> [Required action]
Word for word, reproduce each line of the data below, omitting every image.

> [The data]
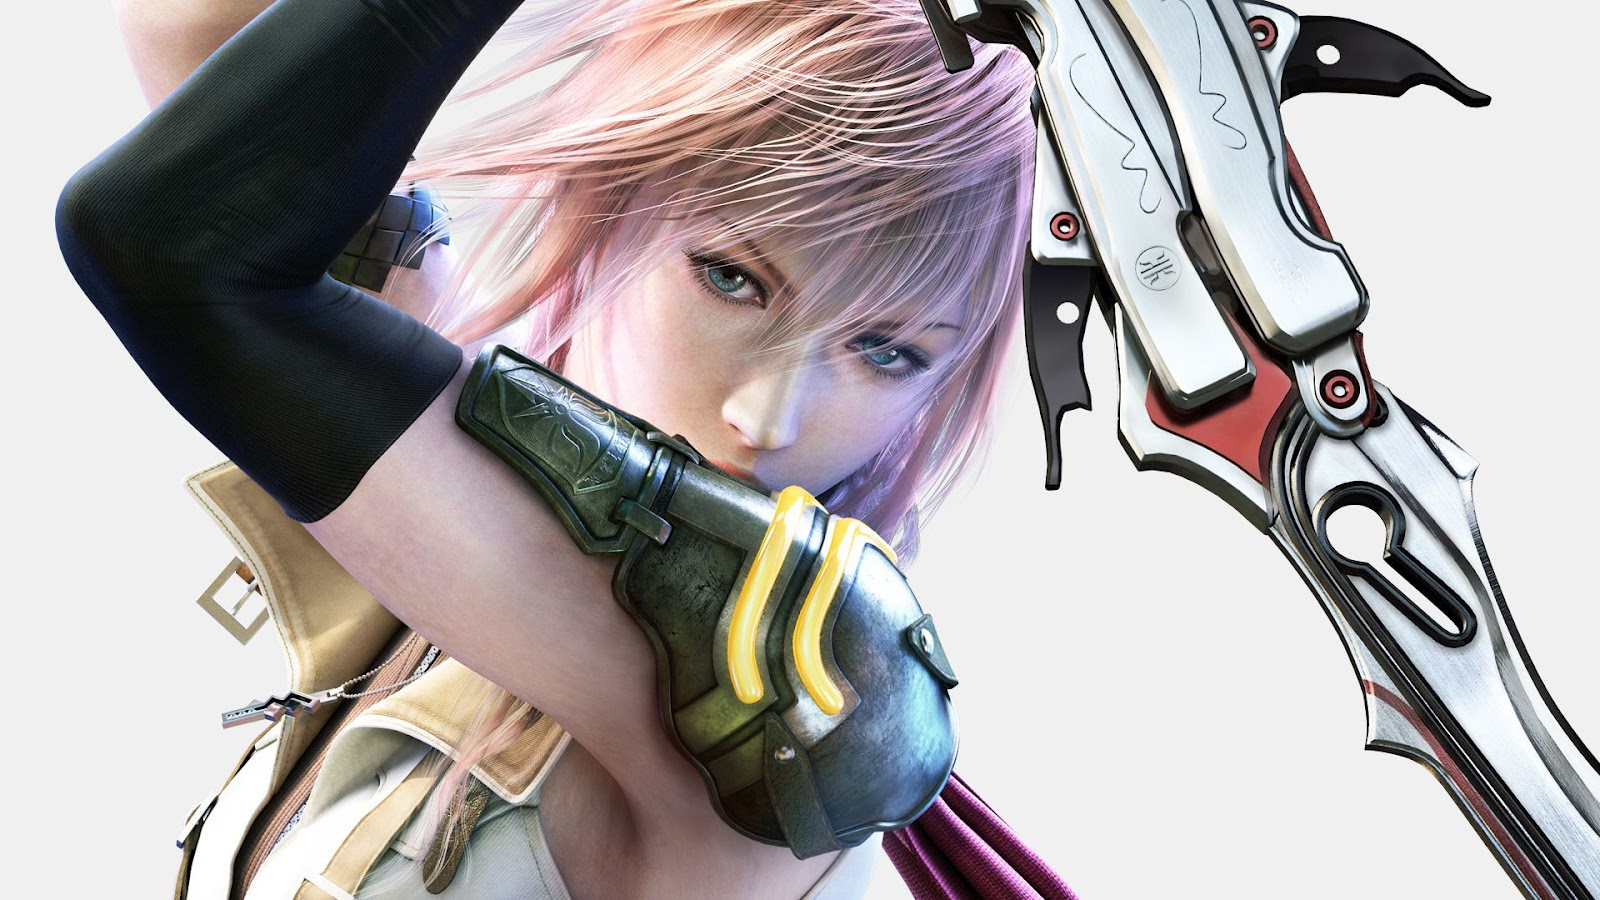 Final Fantasy Character Serah Farron Archer Realistic 3D Graphic HD Wallpaper
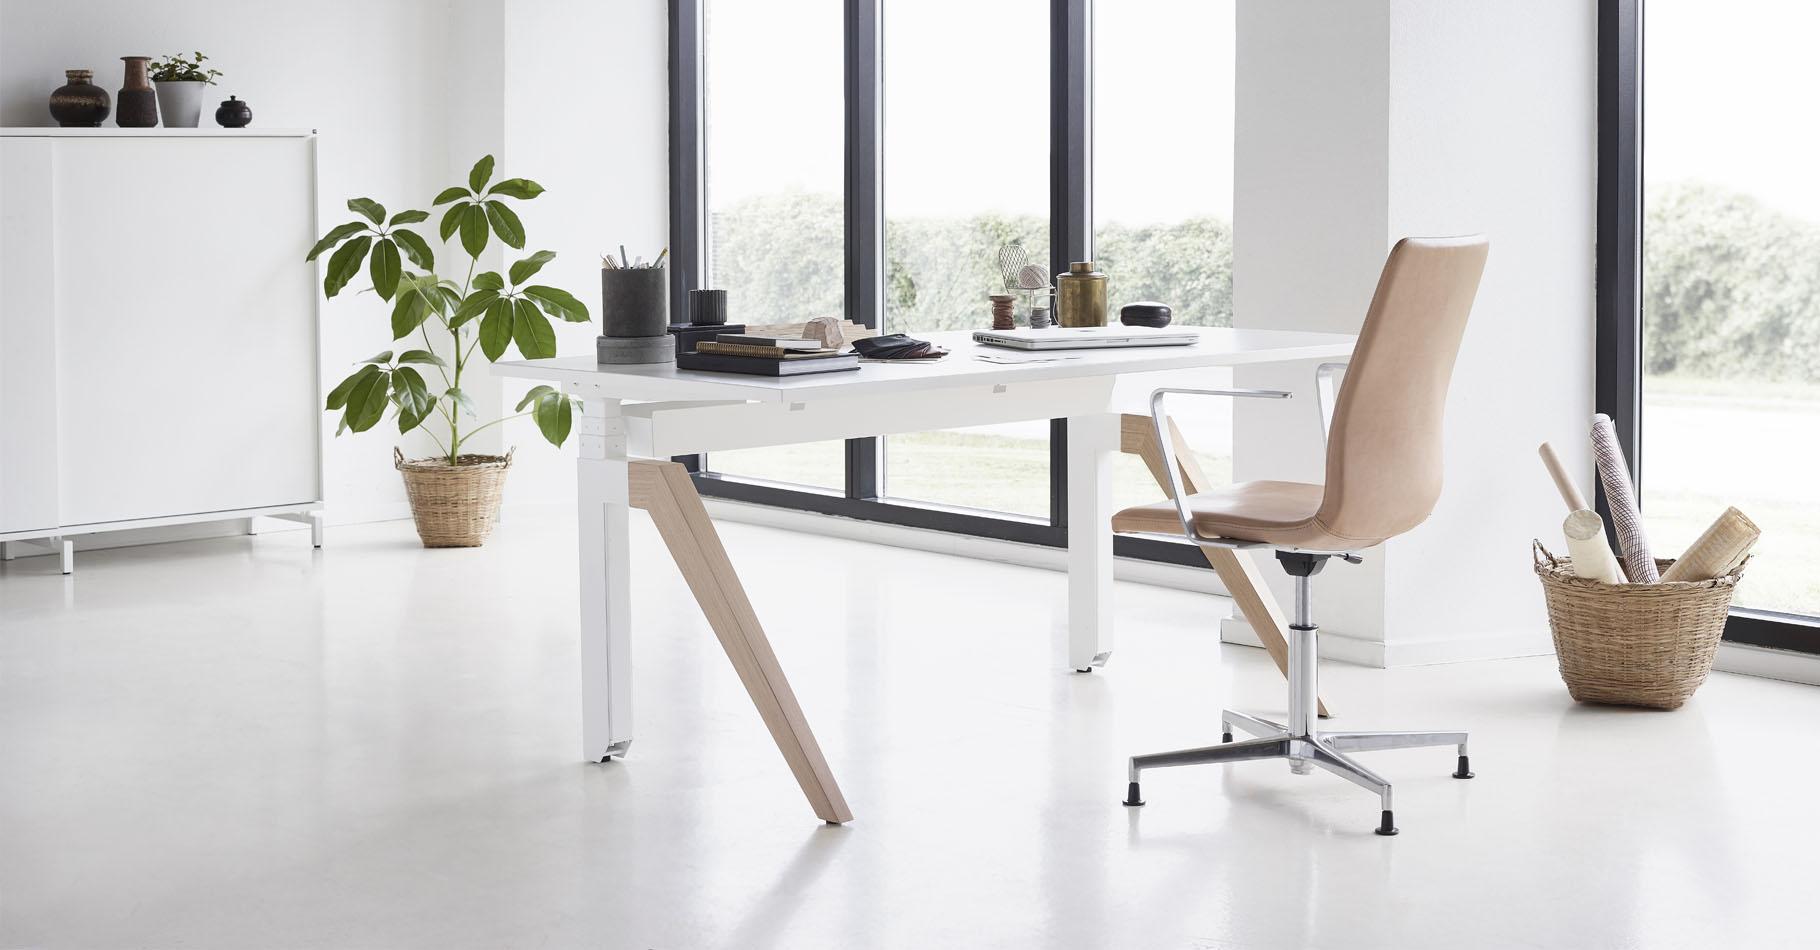 Cabale-desk-groovy-cc-stol
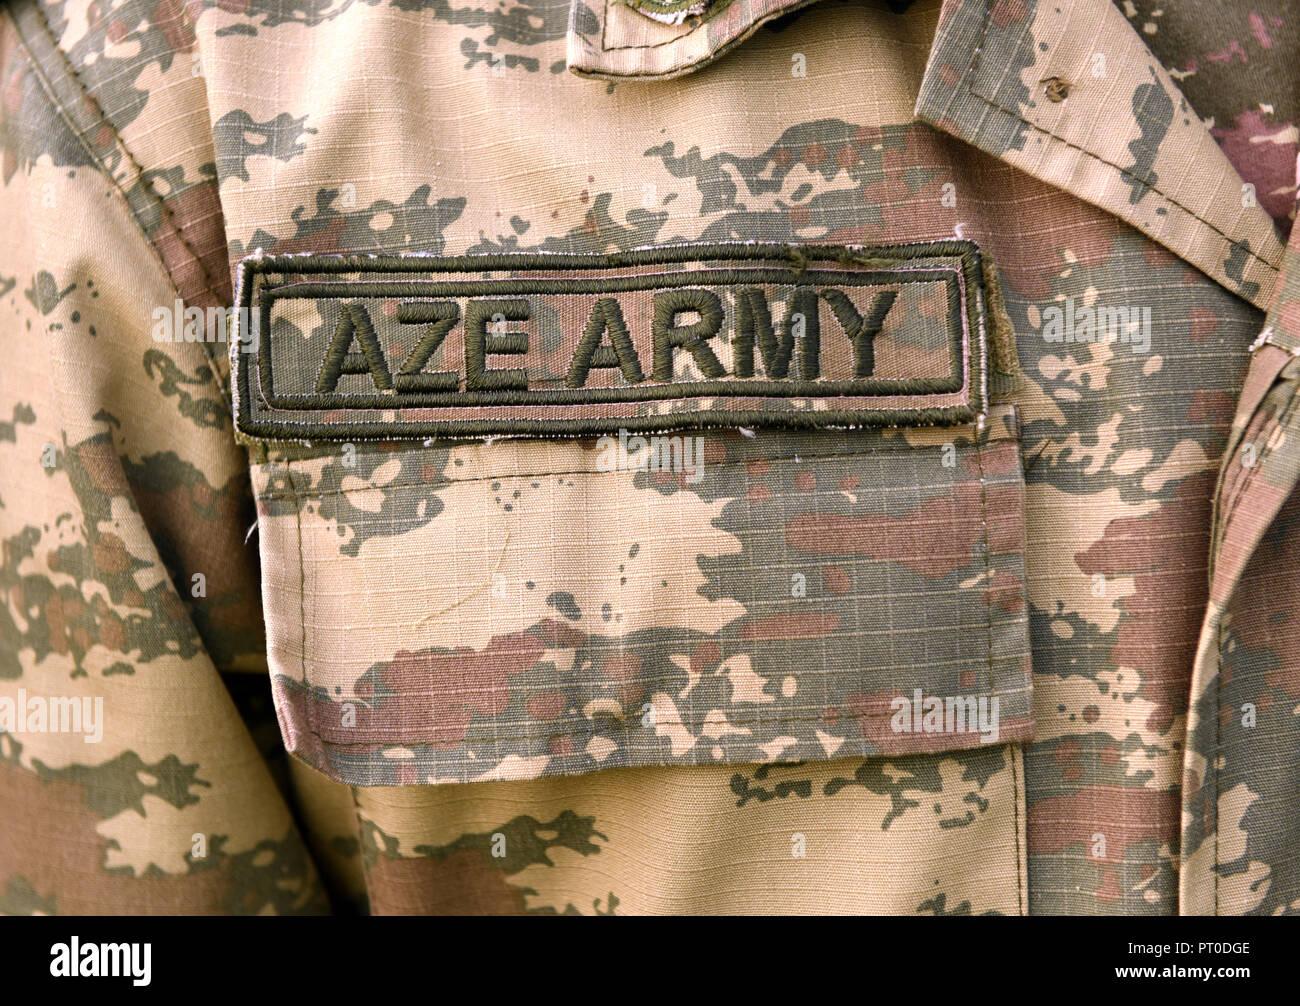 Azerbaijan military uniform. Azerbaijan Army - Stock Image

> [Output for this task]
 Final Fantasy Character Serah Farron Archer Realistic 3D Graphic HD Wallpaper
 Cabale-desk-groovy-cc-stol
 Azerbaijan military uniform. Azerbaijan Army - Stock Image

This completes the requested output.